An Example - The Phone Book
Let’s take the example of a phone book with the following schema.
{ FirstName LastName Phone_Number Address }
If I were to search for “Smith, John” how would I index the following query to be as efficient as possible?
db.phonebook.find({ FirstName : “John”, LastName : “Smith” })
I could use an individual index on FirstName and search for all of the “Johns”.
This would look something like ensureIndex( { FirstName : 1 } )
We run this query and we get back 200,000 John Smiths. Looking at the explain() output below however, we see that we scanned 1,000,000 “Johns” in the process of finding 200,000 “John Smiths”.

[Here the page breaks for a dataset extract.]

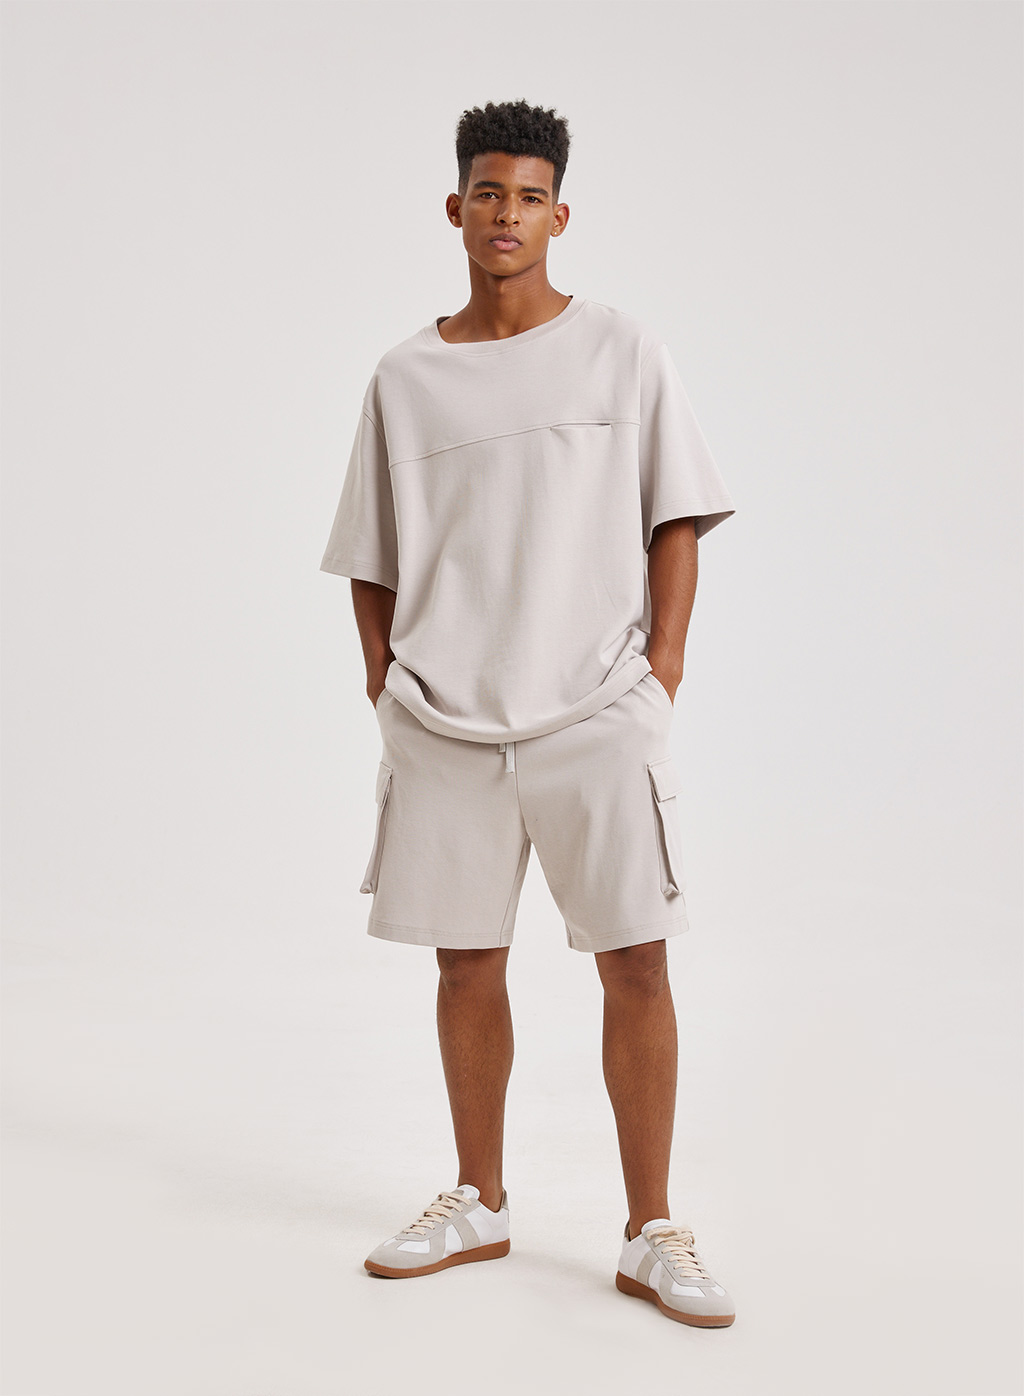 Men Shorts Set | Relaxed Fit Shorts & Cotton T-shirts | Nap Loungwear
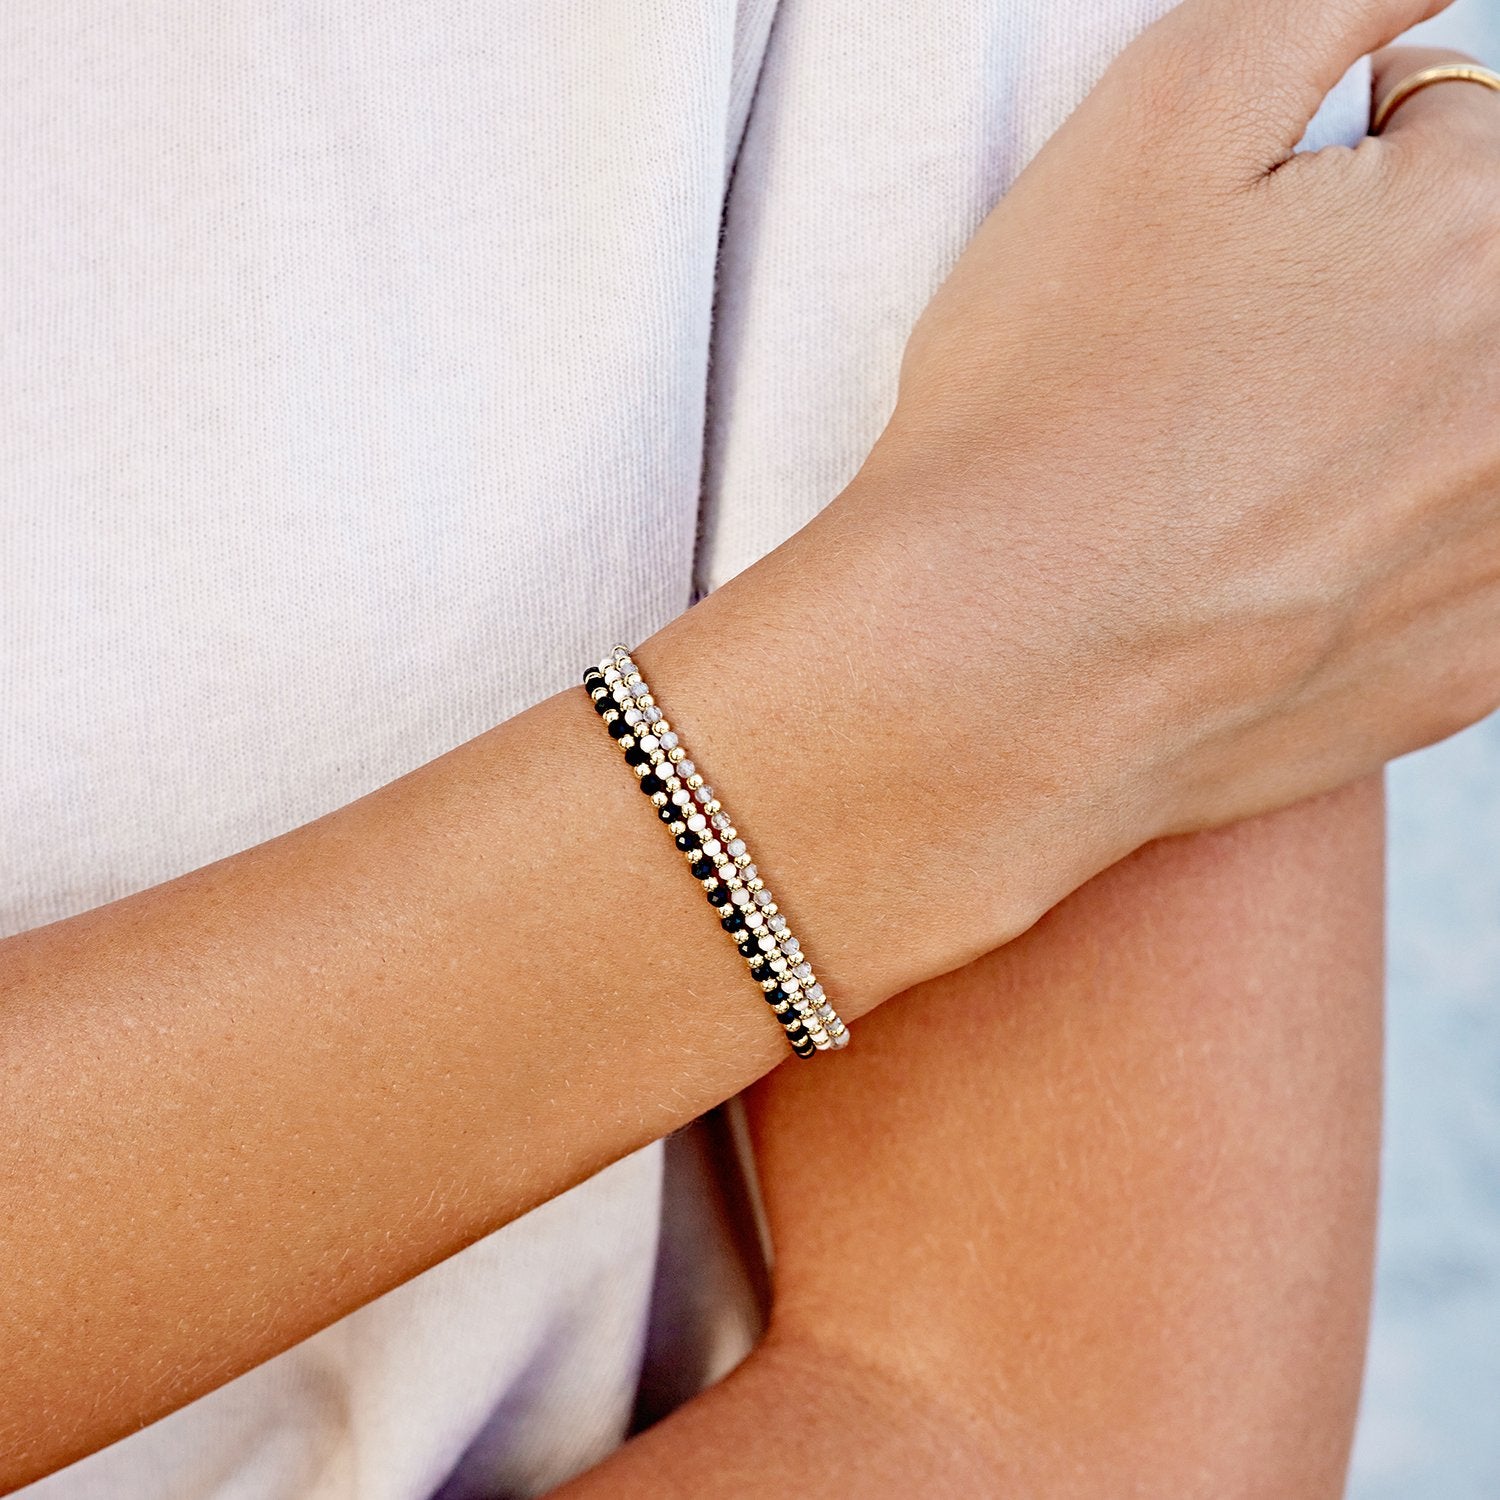 Power gemstone brooks bracelet for protection - gold / black onyx

> db.phonebook.find({ FirstName : "John", LastName : "Smith"}).explain() { "cursor" : "BtreeCursor FirstName_1", "isMultiKey" : false, "n" : 200000, "nscannedObjects" : 1000000, "nscanned" : 1000000, "nscannedObjectsAllPlans" : 1000101, "nscannedAllPlans" : 1000101, "scanAndOrder" : false, "indexOnly" : false, "nYields" : 2, "nChunkSkips" : 0, "millis" : 2043, "indexBounds" : { "FirstName" : [ [ "John", "John" ] ] }, "server" : "Oz-Olivo-MacBook-Pro.local:27017" }
How about creating an individual index on LastName?
This would look something like ensureIndex( { LastName : 1 } )
Running this query we get back 200,000 “John Smiths” but our explain output says that we now scanned 400,000 “Smiths”. How can we make this better?
db.phonebook.find({ FirstName : "John", LastName : "Smith"}).explain() { "cursor" : "BtreeCursor LastName_1", "isMultiKey" : false, "n" : 200000, "nscannedObjects" : 400000, "nscanned" : 400000, "nscannedObjectsAllPlans" : 400101, "nscannedAllPlans" : 400101, "scanAndOrder" : false, "indexOnly" : false, "nYields" : 1, "nChunkSkips" : 0, "millis" : 852, "indexBounds" : { "LastName" : [ [ "Smith", "Smith" ] ] }, "server" : "Oz-Olivo-MacBook-Pro.local:27017" }
So we know that there are 1,000,000 “John” entries, 400,000 “Smith” entries, and 200,000 “John Smith” entries in our phonebook. Is there a way that we can scan just the 200,000 we need?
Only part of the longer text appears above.